Are there any recommendations for specifying the generated_quantities block in the prediction or how to speed this operation up?

Just for comparison, I can generate forward samples with python code in less than a second.

def generate_replicated_data(model_data, posterior_distribution):
    """Given the samples from the posterior_distribution and the model_data, create
    the forward sampled likelihood data given the model."""
    max_group_idx = model_data['max_group_idx']
    group_idx = model_data['group_idx']
    
    group_mu = posterior_distribution['group_mu']
    sigma_group_mu = posterior_distribution['sigma_group_mu']
    
    nu = posterior_distribution['nu']
    phi = posterior_distribution['phi']
    
    beta = posterior_distribution['beta']
    gamma = posterior_distribution['gamma']

    observation_data = model_data['observation_data']
    group_data = model_data['group_data']
    
    # Calculate the group mean for the missing data, i.e. draw from prior distribution for random effect, but
    # use the covariate coefficients.
    missing_groups = group_data[max_group_idx:,]

    missing_group_mus = []
    for missing_group in missing_groups:
        missing_group_mu = np.dot(gamma, missing_group.T) + scipy.stats.t.rvs(df=4, loc=0, scale=sigma_group_mu)
        missing_group_mus.append(missing_group_mu)
    
    missing_group_mus = np.array(missing_group_mus).T
    
    # Combine the known group means with the missing group means.
    if missing_group_mus.size > 0:
        group_mu = np.concatenate([group_mu, missing_group_mus], axis=1)
    
    assert group_mu.shape[1] == group_data.shape[0]
    
    mu = group_mu[:,group_idx-1] + np.dot(beta, observation_data.T)

    y = []
    for i, replication in enumerate(mu):
        y.append(scipy.stats.t.rvs(df=nu[i], loc=replication, scale=phi[i]))
    
    y = np.array(y)
    
    return y
1 Like

Sorry, your question fell through a bit.

In my opinion, generating in host language is a good way to generate predictions (e.g. it is used by the brms package), the main advantage is that it gives you the most flexibility. In practice you often can’t really reuse much code when generating predictions in Stan, although I admit there is some advantage in using the same language to generate the predictions (e.g. you don’t have to worry if Python has the same parametrizations of the distributions as your model does) .

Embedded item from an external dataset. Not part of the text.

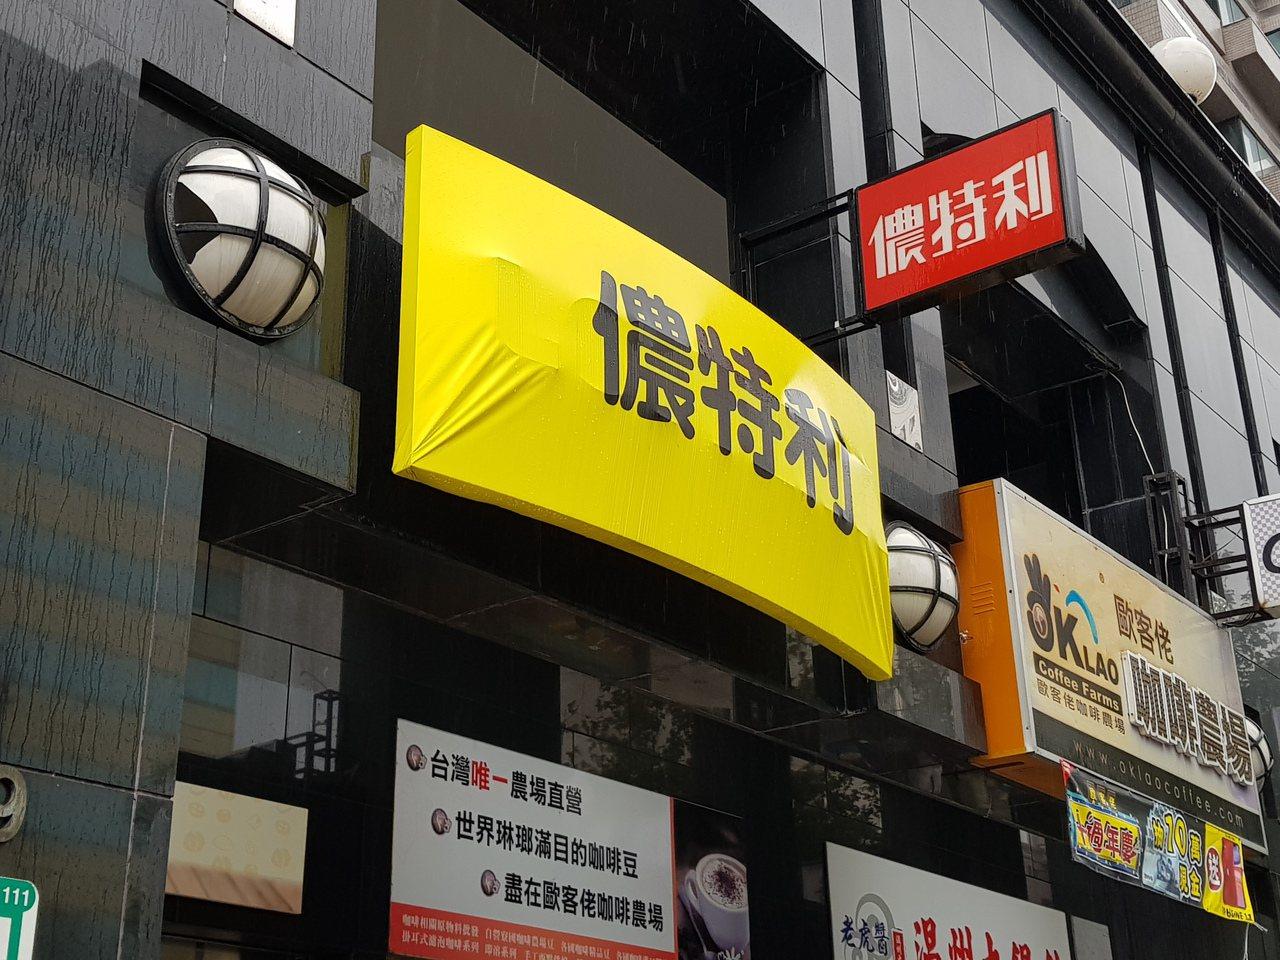 中文布條下,依稀可見到Lotteria的英文看板。記者陳睿中/攝影

If you want to use Stan for predictions, you might want to supply the data for prediction already when fitting the model - you would have something like N_pred, group_idx_pred, observation_data_pred, group_data_pred in the data and generate one sample in generated quantities for all the observations for prediction. I am not sure if it is already supported by PyStan, but there was some work to let you rerun just the generated quantities part of a model, so you should (possibly in some future version) be able to fit the model once and then predict multiple times even when using just a single Stan model.

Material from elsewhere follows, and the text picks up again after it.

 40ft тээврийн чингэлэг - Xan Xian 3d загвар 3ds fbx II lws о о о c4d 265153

Personally, I think having a separate Stan model just for predictions gets you the worst of both worlds (with the only exception that you can use the same prediction code for multiple host languages).

Does that make sense?

Yes, that makes sense. Thanks!

1 Like

are you running the standalone generated quantities method?
details are here: https://mc-stan.org/docs/2_24/cmdstan-guide/gc-intro.html
and here: https://mc-stan.org/docs/2_24/cmdstan-guide/standalone-generate-quantities.html

it’s available in CmdStanPy - https://cmdstanpy.readthedocs.io/en/latest/generate_quantities.html

superficial reaction looking at the above code is maybe there’s a more efficient way to code this loop.

1 Like

you need a PyStan later than Stan 2.20 to get faster compilation. not sure what’s available.
CmdStanPy will run with the latest Stan - 2.24.0 should be out this week - another reason to use CmdStanPy.

1 Like

Thank you! I think I figured this out by installing the latest dev version of pystan.